32 Responses to “Comment: Labour should steer clear of suicide by Blairism”

  1. robertcp

    A return to Blairism would be suicidal for the Labour Party but there does seem to be a large faction of Blairites. It is vital that Labour’s next leader does not move Labour away from being a left of centre party.

  2. Andrew Warner

    The first part of this article is twaddle. This is pretentiousness of the highest order, it imagines that the people of this country can be slotted neatly into a series of Marxist/sociology lecture/theoretical taxonomy. The plain and simple truth of the matter why Labour lost is that it appeared to be against success and responsibility, that is the strategic mistake. On a tactical level allowing the ConDems to run unopposed on the ‘inherited financial mess’ was the biggest mistake in 30 years.

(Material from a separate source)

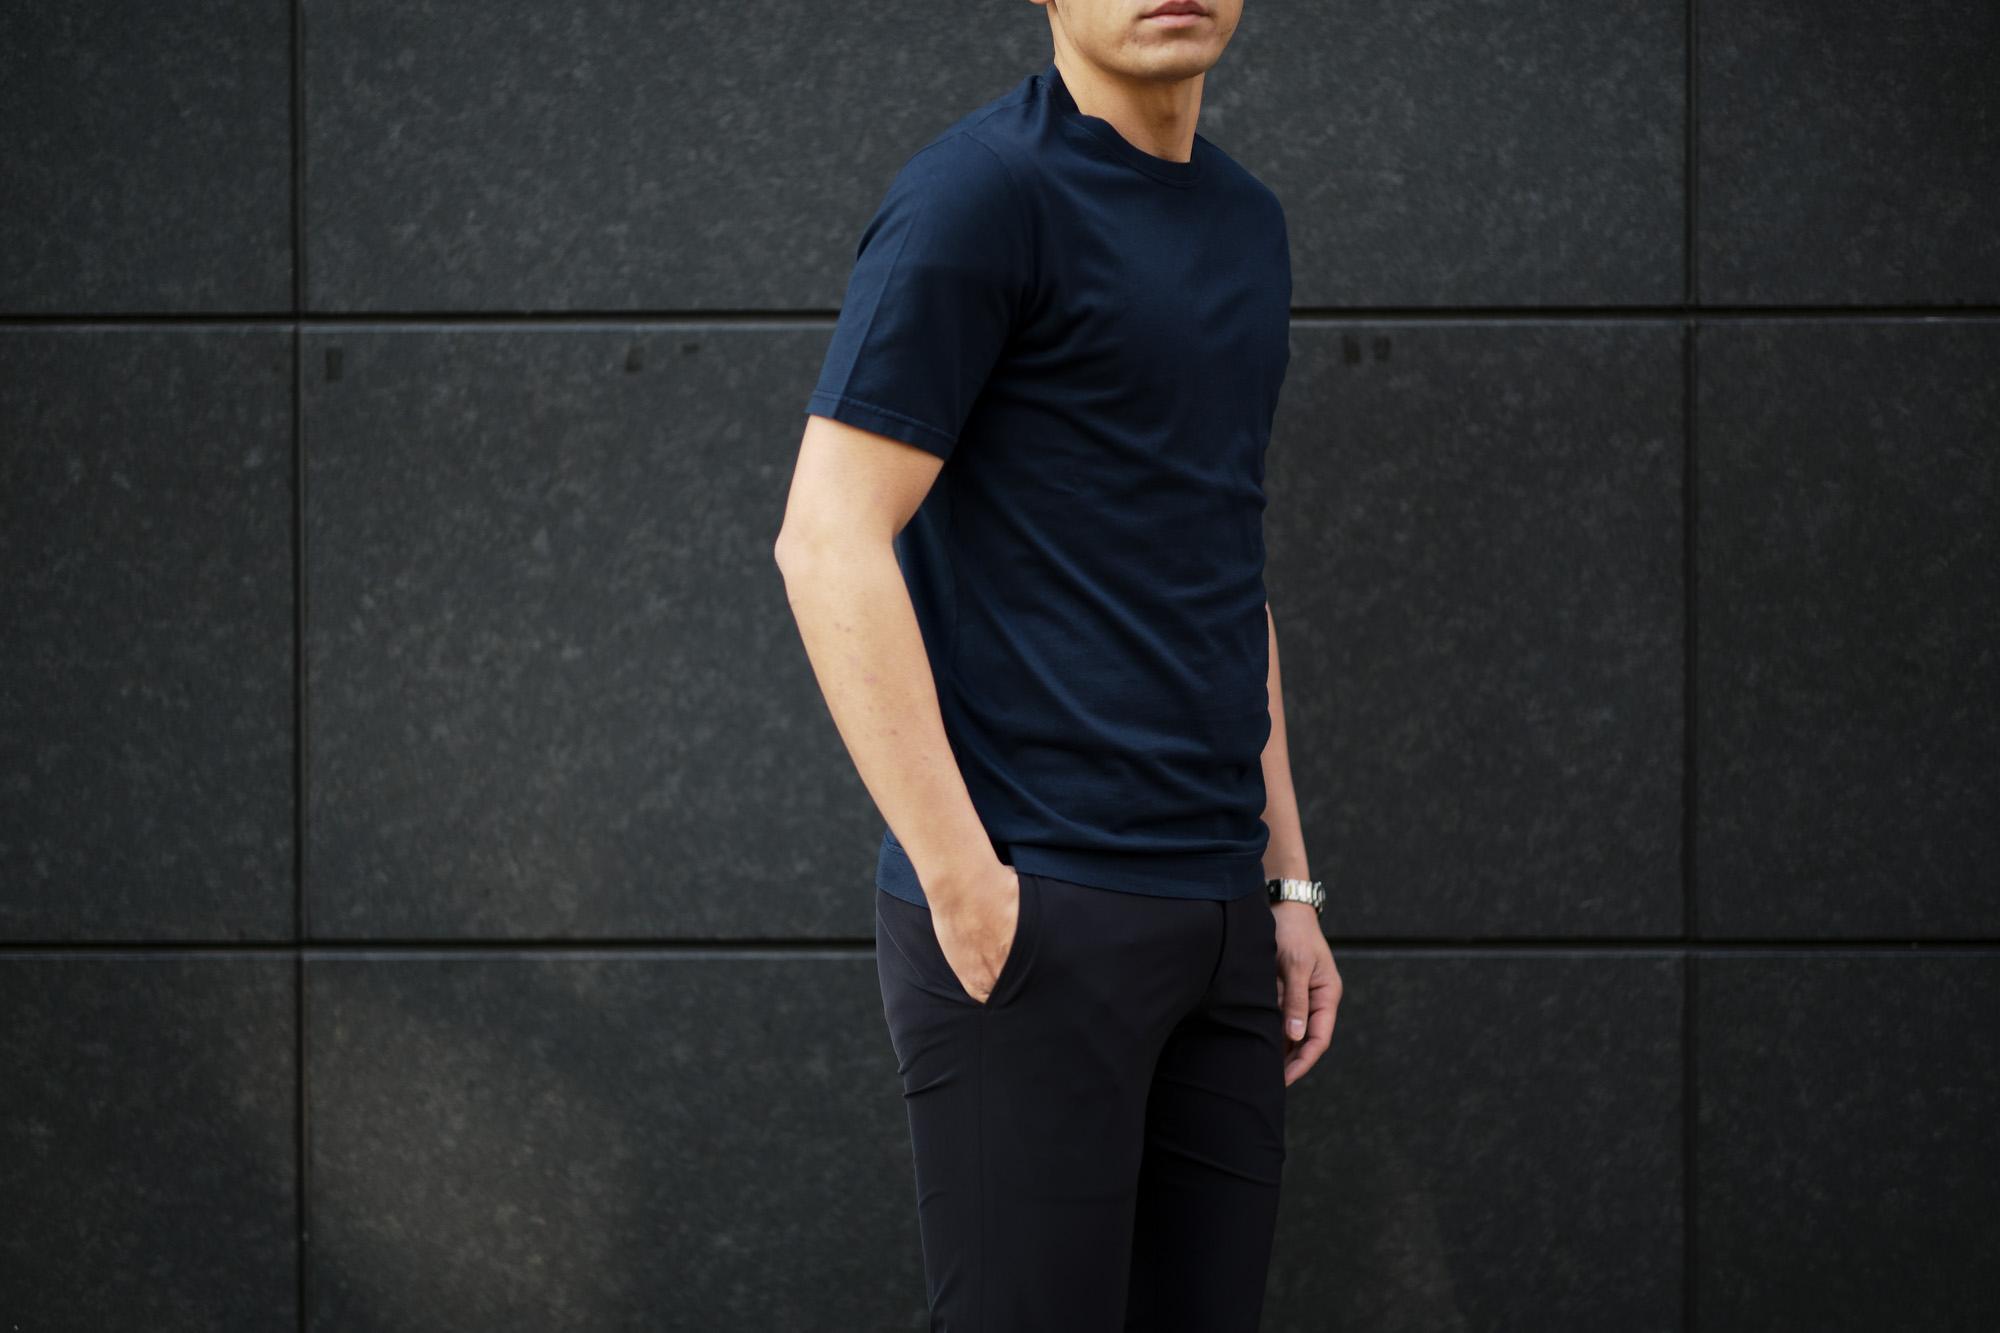 FEDELI(フェデーリ) Crew Neck T-shirt (クルーネック Tシャツ) ギザコットン Tシャツ NAVY (ネイビー・626) made in italy (イタリア製) 2020 春夏新作 愛知 名古屋 altoediritto アルトエデリット TEE
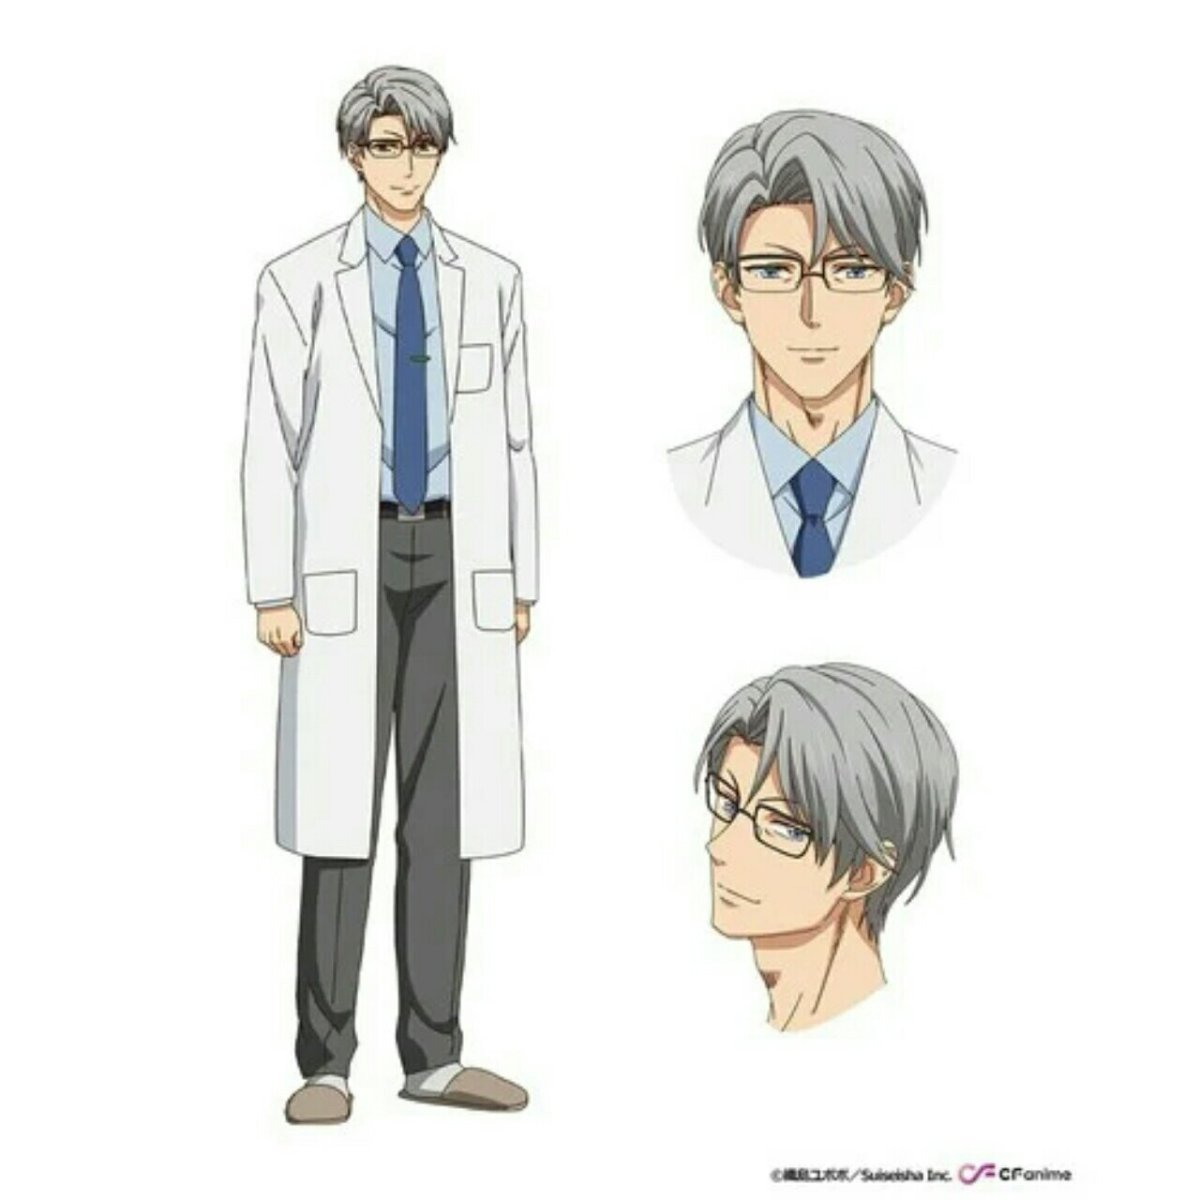 Makoto Furukawa dan Kazutomi Yamamoto Menarasikan Video Promosi Anime 'I Became a Kuro-Gyaru so I F***ed My Best Friend' 5

Labour didn’t fight back ruthlessly against that all pervasive, pernicious lie and suffered for it. The LP has lost its core base with the working class (what’s left of it), and instead of coming to their aid are seen by the working class as an out of touch metropolitan elite in many parts of the country. Whether you like it or not, Blair, Brown and Mandelson built an election winning machine based on a thorough understanding of the changes in society since Thatcher’s time. The Labour Party of the 70s and 80s should be allowed to rest in peace, the country has changed and the LP should change with it.

  3. Richas

    If we had less people willing to condemn devolution, FOI, Minimum Wage, Tax Credits, saving the NHS from 18month disaster, massively expanding Higher Education so that those of modest means get to go as “tepid social democracy” then no wonder we lost.

    We fail to champion our achievements. Pensioners WERE the most likely age group to live in poverty. WE made them the least likely. we lifted children out of poverty, delivered paternity leave, increased maternity leave, child care, better schools and more HE places and we call it “tepid”. Shoot if I listened to this rot that ignores or denigrates our achievements then I would wonder why to vote Labour.

    Please don’t let the Tory myth that Labour did not deliver go unchallenged, we did but instead of championing that we blame ourselves

  4. Matty

    Mandelson understood society? Mandelson said this to Peter Hain in 1999 “your preoccupation with the working-class vote is wrong. They’ve got nowhere to go”

  5. AlanGiles

    Whoever wins the leadership it should not be Umunna or Hunt – both closely associated with Mandelson. I would say the next leader shoulld be the one who tells Blair and his toadies to “F**k off” publically and sincerely. Only then will Labour be purged of the stench of his cupidity and greed nd can be said to be a party looking for a fresh start. Burnham and Cooper are too ingrained with that past.